Does eBay care? Absolutely not. This is a multi-billion dollar, multi-national company that does not have a conscience. eBay has grown too big for its britches and its arrogance is apparent every moment of the day. eBay is not a good member of the vast Internet commerce community. eBay's perception is that it is omnipotent.

On Thursday, March 29, 2007, eBay hosted a 90 minute Town Hall Meeting, and members were either invited to post their questions at eBay's Town Hall Forum message board on a thread entitled March 29 Town Hall Question Thread or call in. To hear the rebroadcast from the March 29, 2007 Town Hall Meeting, click here.

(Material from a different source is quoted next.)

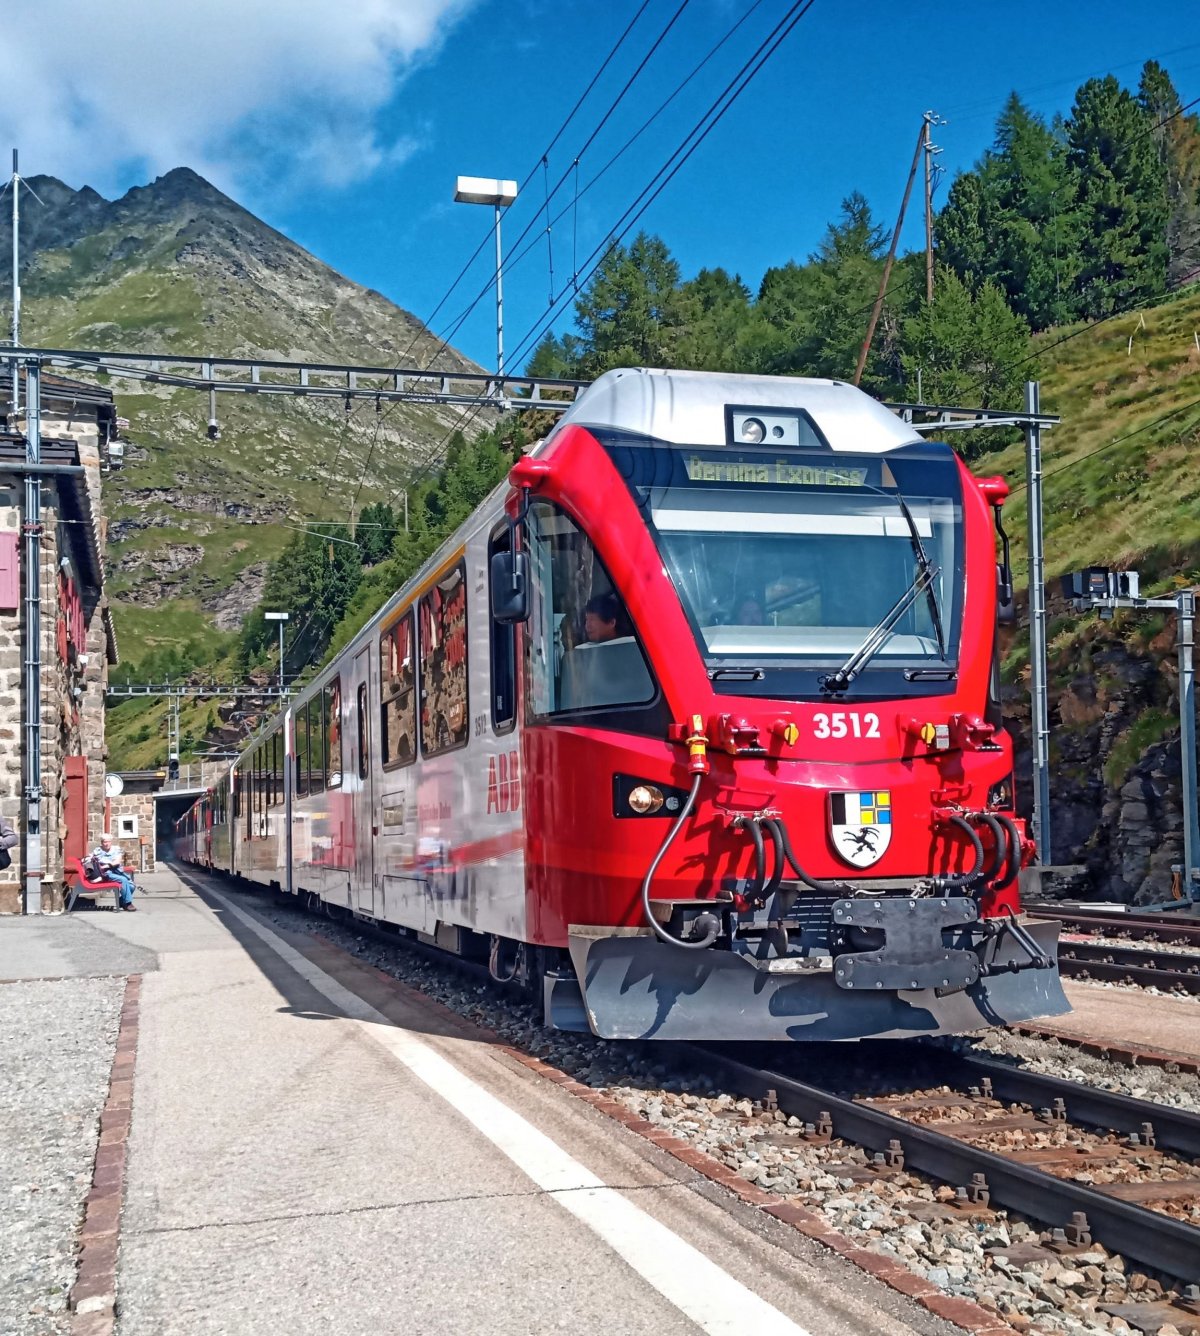 Alp Grüm a souprava známého Bernina Expressu 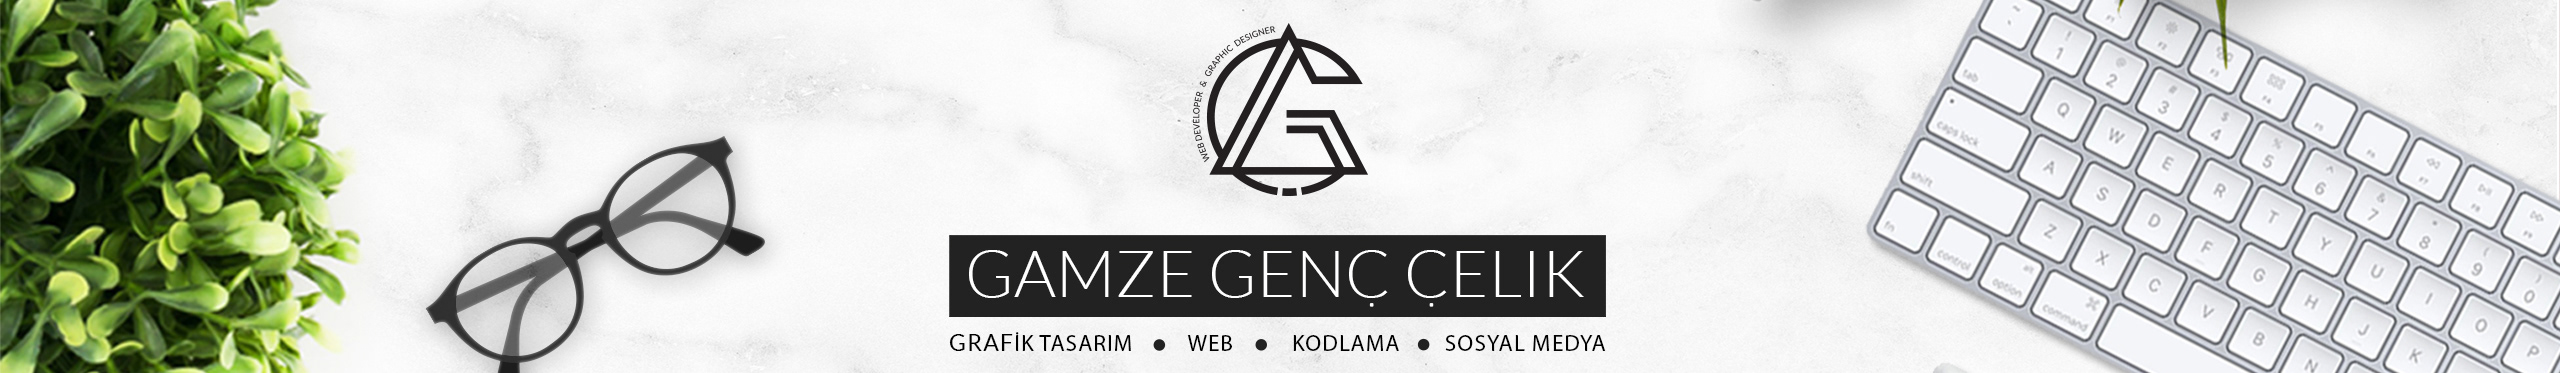 Gamze Genc Celik's profile banner

Bill Cobb, President of eBay North America and other management personnel were the panelists that answered questions. Members were informed in advance that not every question on the thread would be answered. However, what was most surprising is that members that called in to the live Town Hall Meeting not only had their questions pre-screened, but many were intentionally hung up on if the questions being posed to the panelists were related to fraud. The members that called in had legitimate concerns they wanted addressed, yet eBay treated each of these people as if they were childishly making prank telephone calls, and the only solution eBay had was to hang up on them. This is not the way for a corporation to treat its members. This action further cements eBay's arrogance and proves that eBay's management team has absolutely no respect for its users. eBay's Board of Directors and investors should be ashamed of eBay's management team.

Following are many of the questions from the thread cited above that were not addressed by the panelists during the live Town Hall Meeting:

Why is Google checkout not an accepted means of payment on eBay?

Is anything going to be done about the auction listings that have a super low starting price and then add shipping charges which are clearly double or triple what they should be?

What do you feel are the motives behind the recent Vladuz hackings, and do you personally maintain that company line that he never breached your security? If so, how do you explain his last two "hackings" where he took over control of eBay employees' accounts? If, as management's spokespeople have stated, he gained access to eBay servers and databases for employees only via employee email accounts, have these employees been dispatches appropriately?

Vladuz recently alluded to an interview with CNN (on March 15th, I believe)....he then later emailed certain people and said that the interview was off. Did eBay contact CNN and threaten to sue if such an interview was done? If so, did eBay contact corporate at CNN or just intimidate the reporters involved?

How were some scammers who listed dozens, hundreds or thousands of auctions allowed to keep listing even after becoming NARU'd?

Why was eBay unable to remove certain scam auctions from the site for hours and sometimes days after the user became NARU'd?

Last year you spoke of increasing customer service....yet we users have yet to see any sort of increase in the amount of customer service, nor have we seen better means of CS, quicker response times or less canned emails.

So, is that a result of you simply lying to customers or is it a case of poor management? If so, who's dropping the ball?

When is ebay going to take the quite necessary step IMO of requiring significant identity verification of all new users? Will this ever happen?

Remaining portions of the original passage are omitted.